Our study has some limitations. First, we did not measure time to and time within target BG levels with our protocol, as has been the case in similar electronic protocols16. Second, we did not measure outcomes of hyperglycemia such as sternal wound infections and atrial fibrillation. This is attributed to the nature of this quality improvement study that focuses on the processes of achieving glycemic control.
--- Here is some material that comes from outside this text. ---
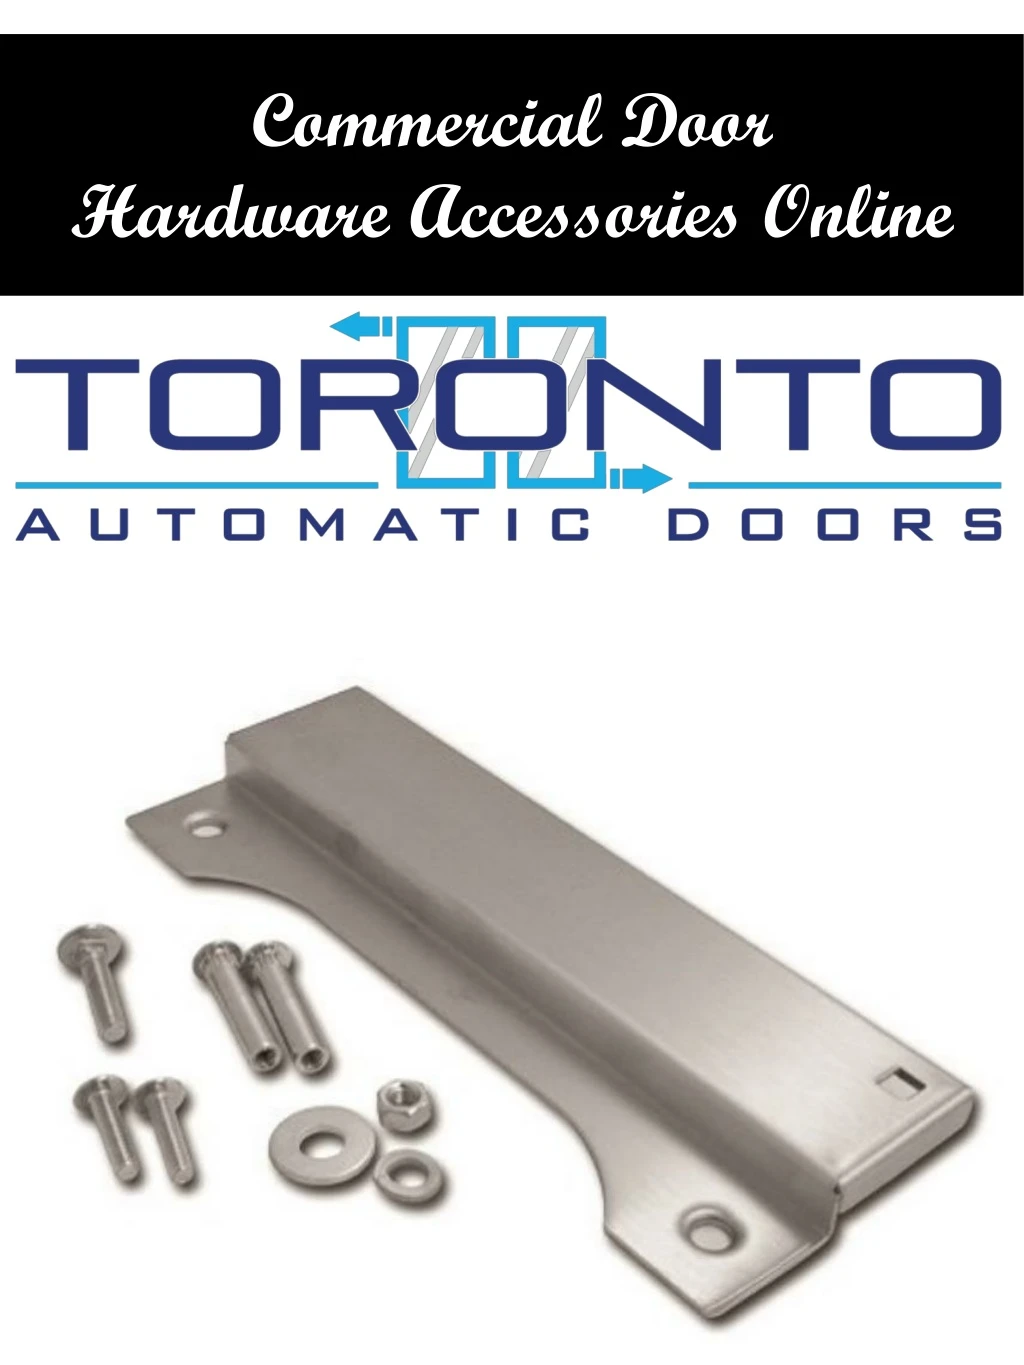 commercial door hardware accessories online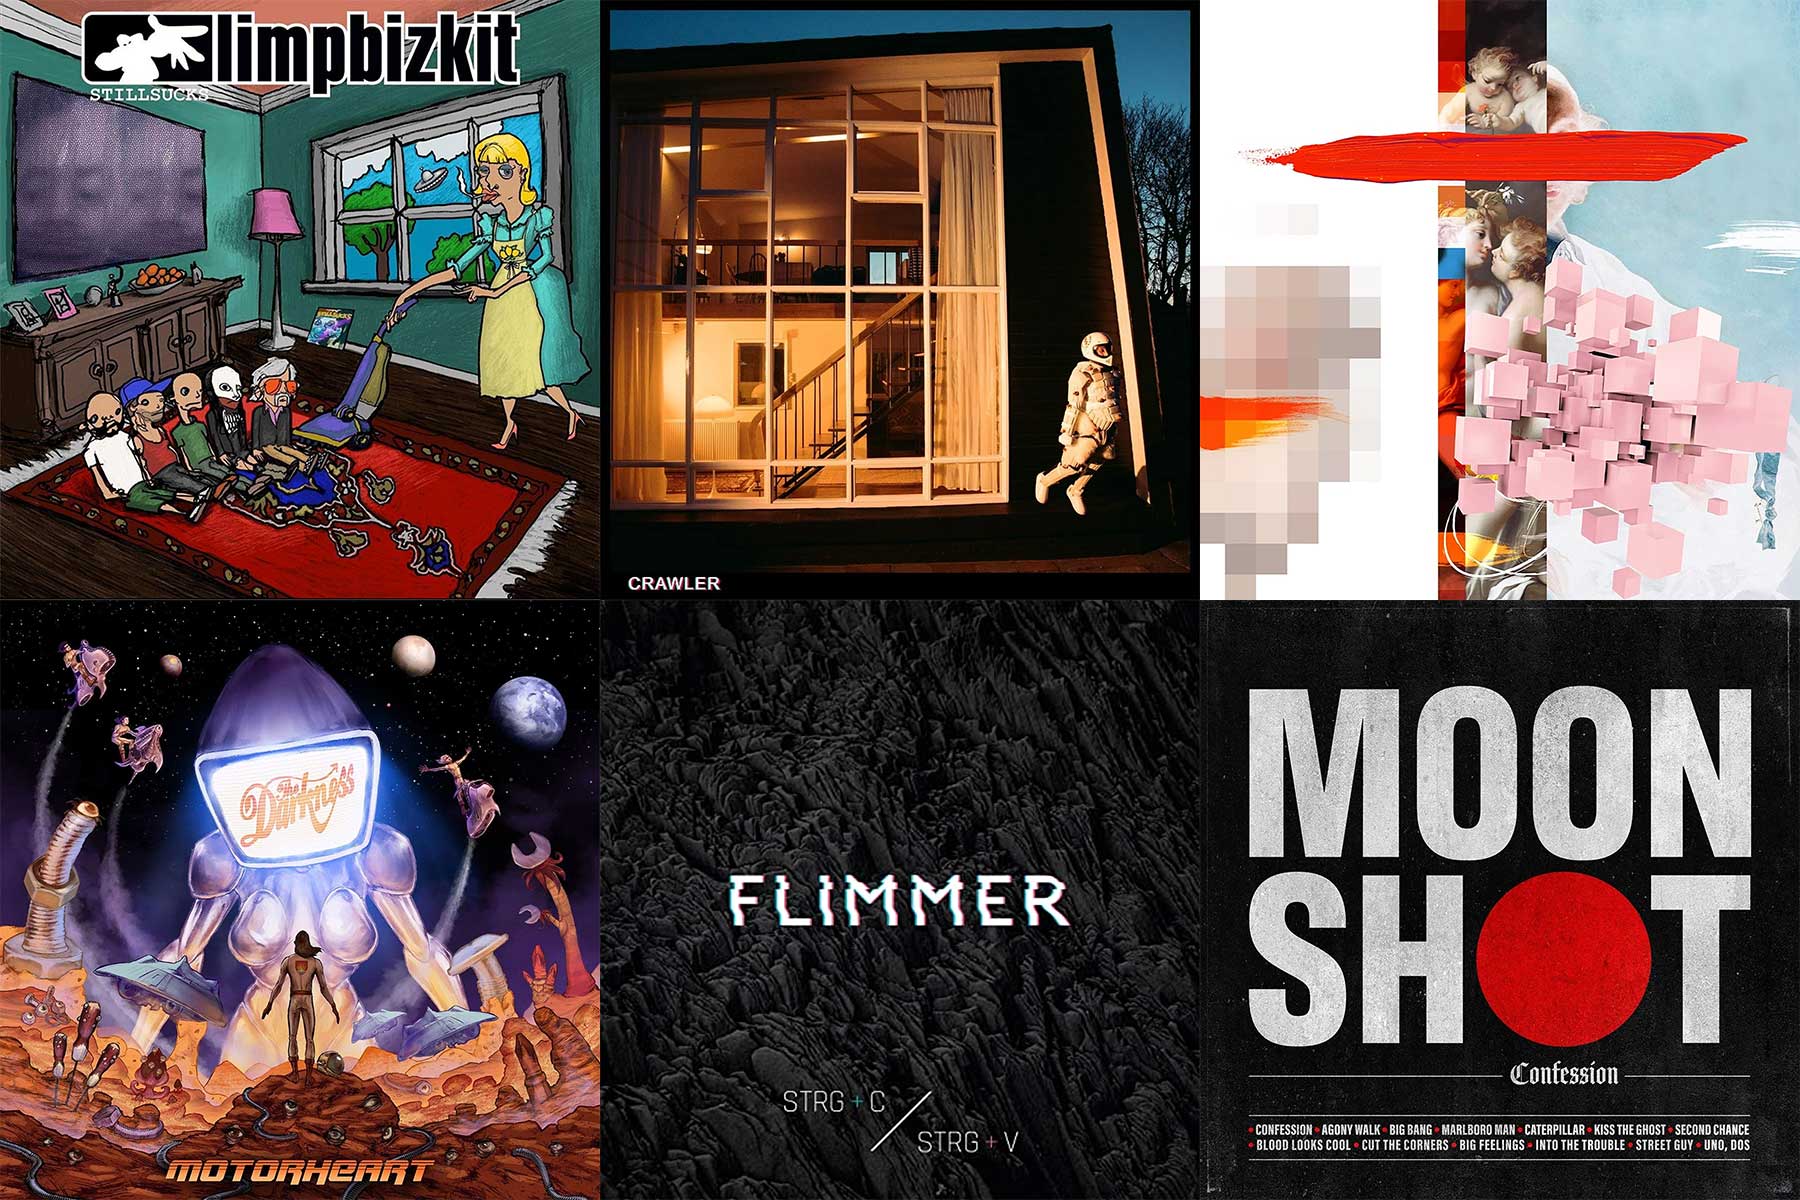 November-Kurzreviews: Neue Alben von Limp Bizkit, IDLES, Biffy Clyro, The Darkness, FLIMMER & Moon Shot album-kurzreviews_November-2021

It is to be known, though, that previous studies found that commencement of intraoperative glycemic control is associated with a reduction in the incidence of surgical site infection in cardiac surgical patients17,18. Further study is warranted to determine the influence of the tighter intra-operative glucose management from our system on clinical outcomes.

Third, we have only analyzed intraoperative and a subset of postoperative glycemic control values prior to initiation of diet and resumption of glycemic control medications, all are important factors that influence glycemic control. Fourth, we have not accounted for the glucose infused via cardioplegia on CPB which could have explained the peak of BG during this period. However, the Del Nido cardioplegia used at our institution is a non-glucose containing and its contribution to the surge on pump BG is likely to be slim.

In summary, The EIC has created a stable process for the intraoperative control of BG in CPB-requiring cardiac surgical patients and has been successfully associated with a reduction in intraoperative BG values. Importantly, the electronic nature of this protocol reduces the rate of human errors and their consequential adverse events. Being an iterative process, more data are being collected to study clinical outcomes associated with glycemic control achieved through EIC.

In its ideal iteration, EIC is a potentially generalizable process that can be implemented intraoperatively to create a new standard of intraoperative glycemic control.